(RECORDS SHOWN begins)
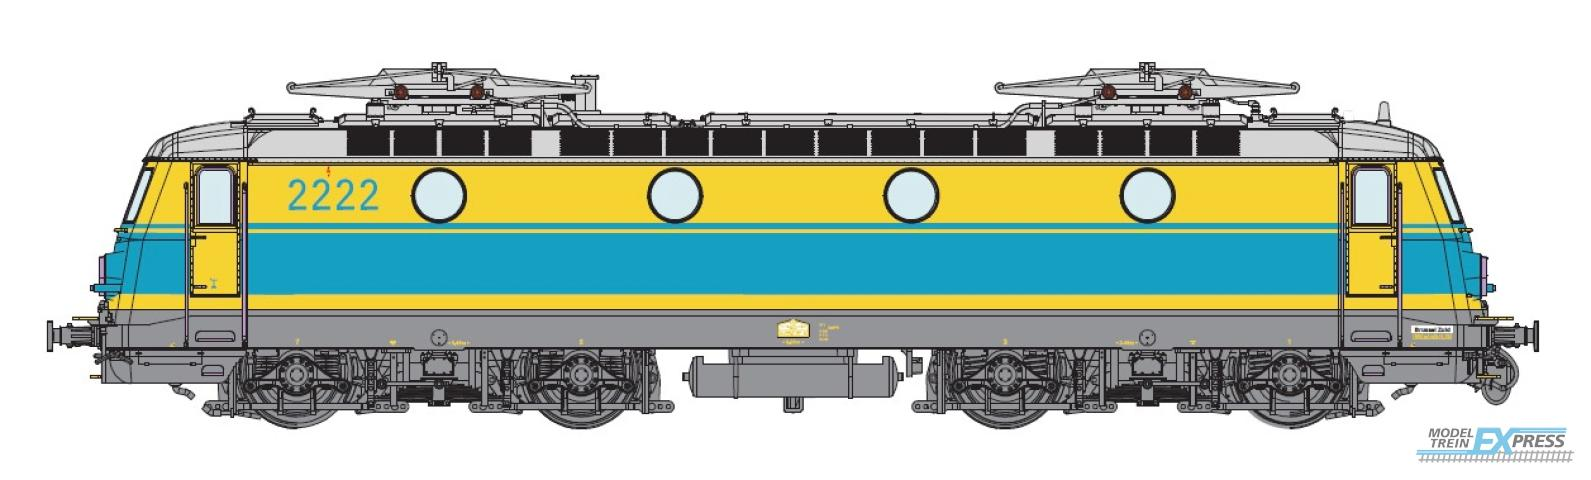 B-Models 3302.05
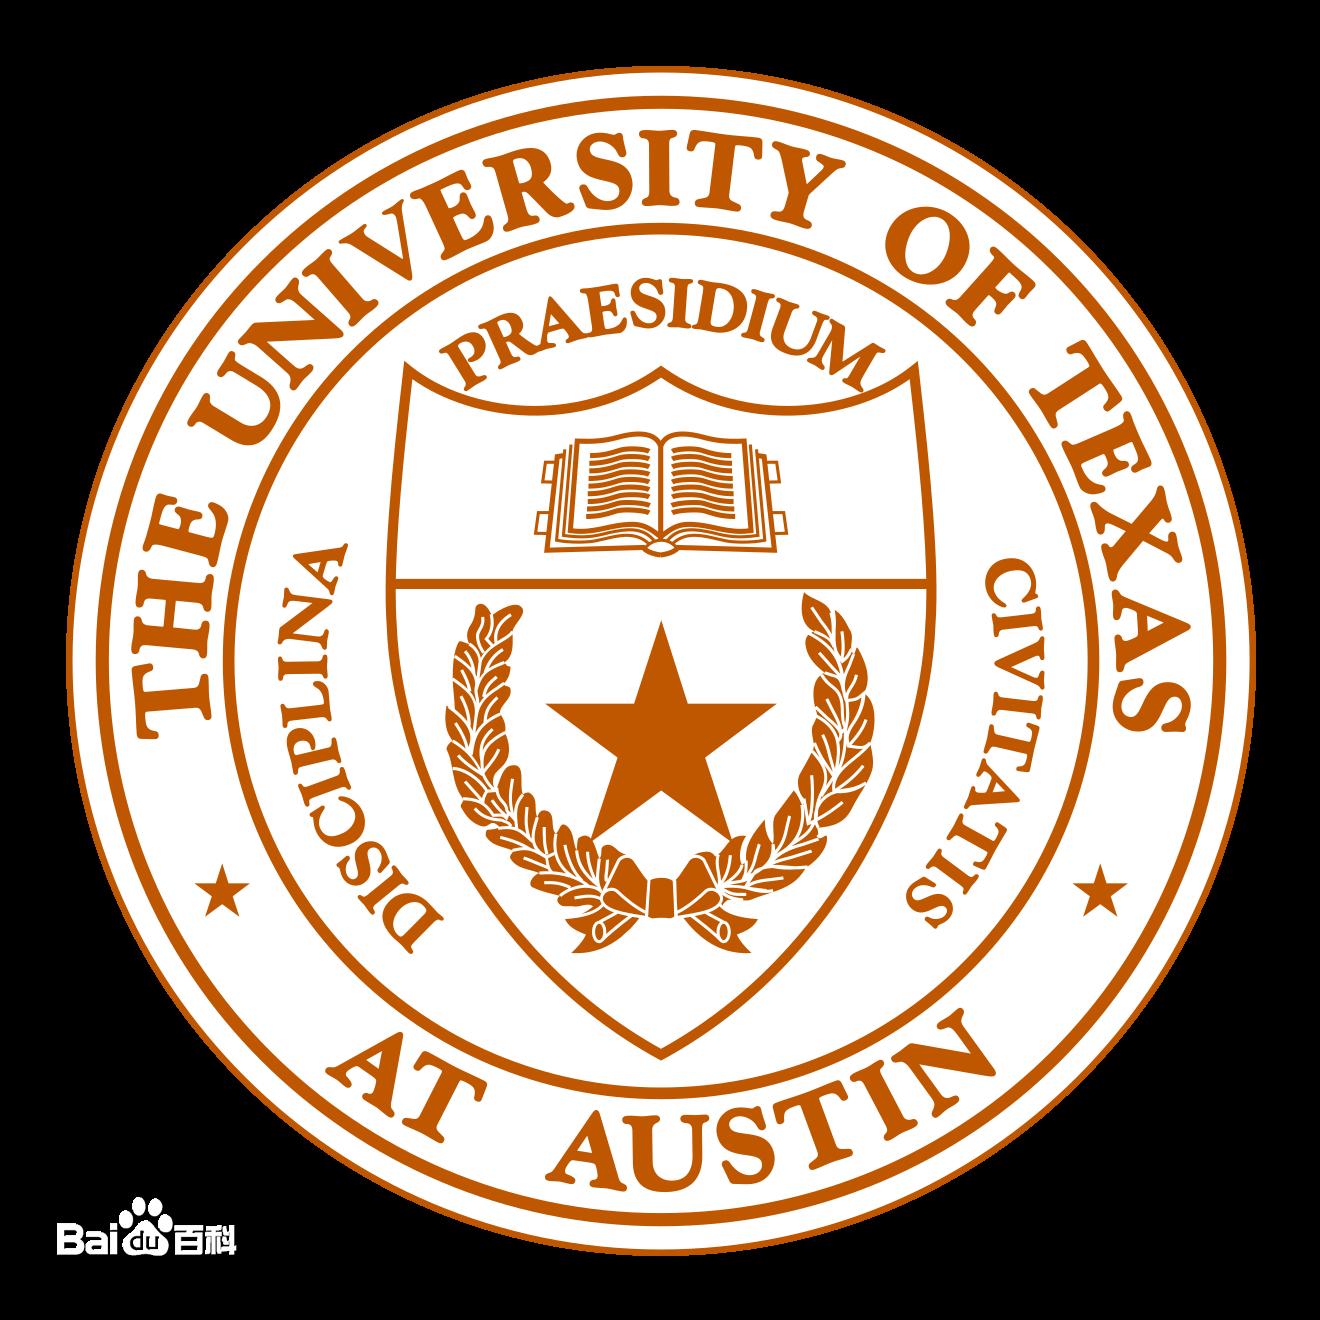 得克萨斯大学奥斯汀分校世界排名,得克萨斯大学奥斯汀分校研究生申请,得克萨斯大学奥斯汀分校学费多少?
(RECORDS SHOWN ends)
(RECORDS SHOWN begins)
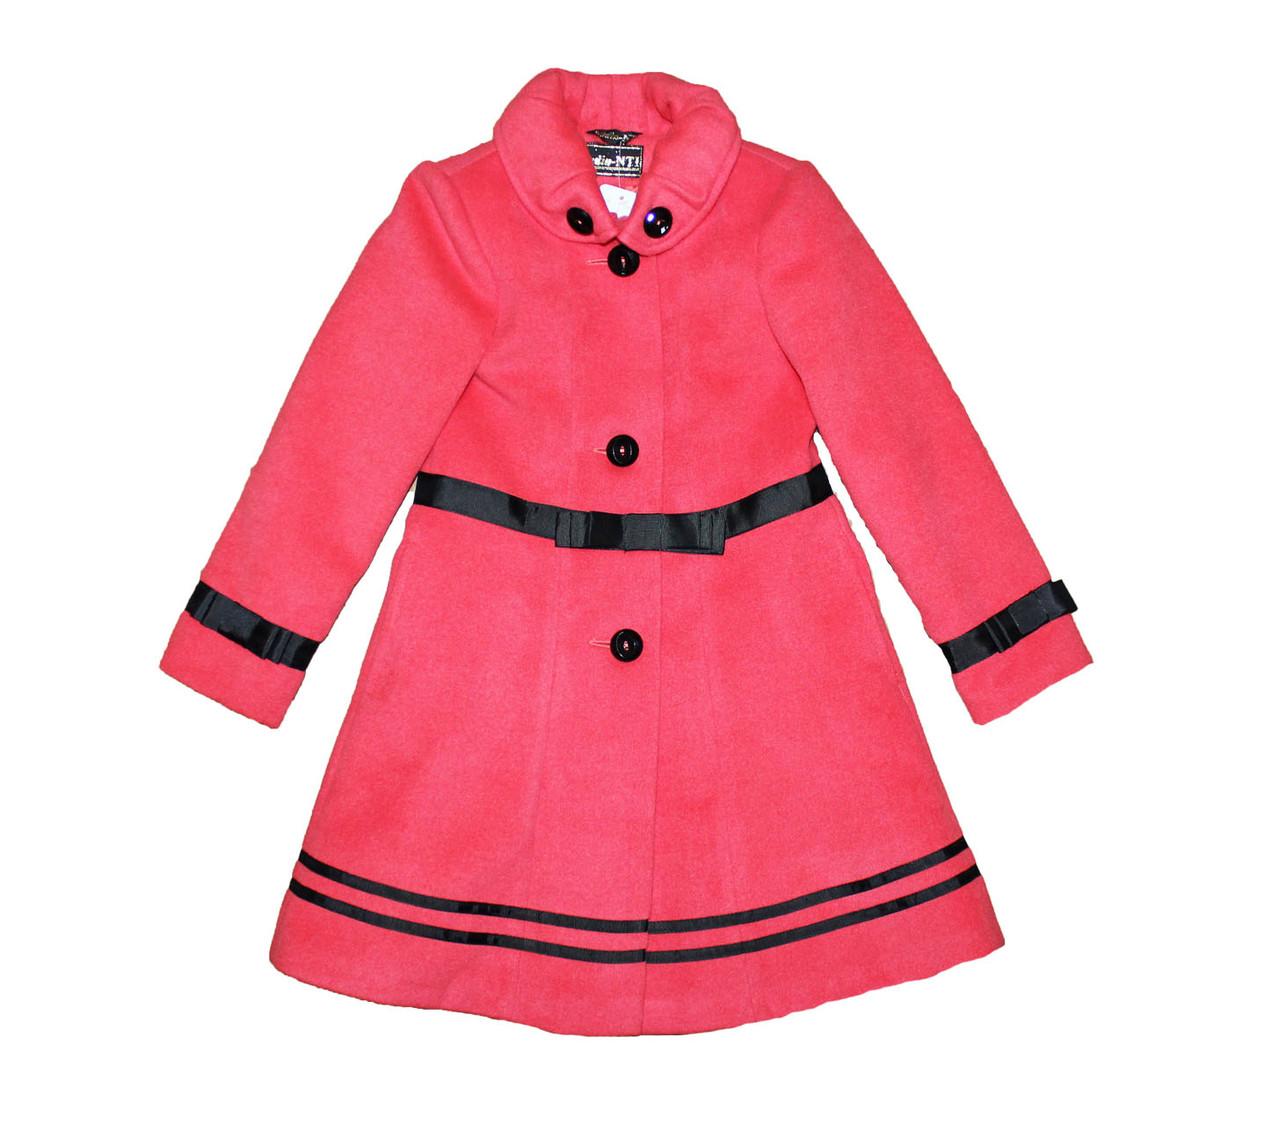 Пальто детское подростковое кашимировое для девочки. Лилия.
(RECORDS SHOWN ends)
> PROBLEM DETAILS
In the listing above, find the line with "B-Models 3302.05" and output every line through the one with "得克萨斯大学奥斯汀分校世界排", exactly, without the pictures.

> YOUR RESPONSE
 B-Models 3302.05
 得克萨斯大学奥斯汀分校世界排名,得克萨斯大学奥斯汀分校研究生申请,得克萨斯大学奥斯汀分校学费多少?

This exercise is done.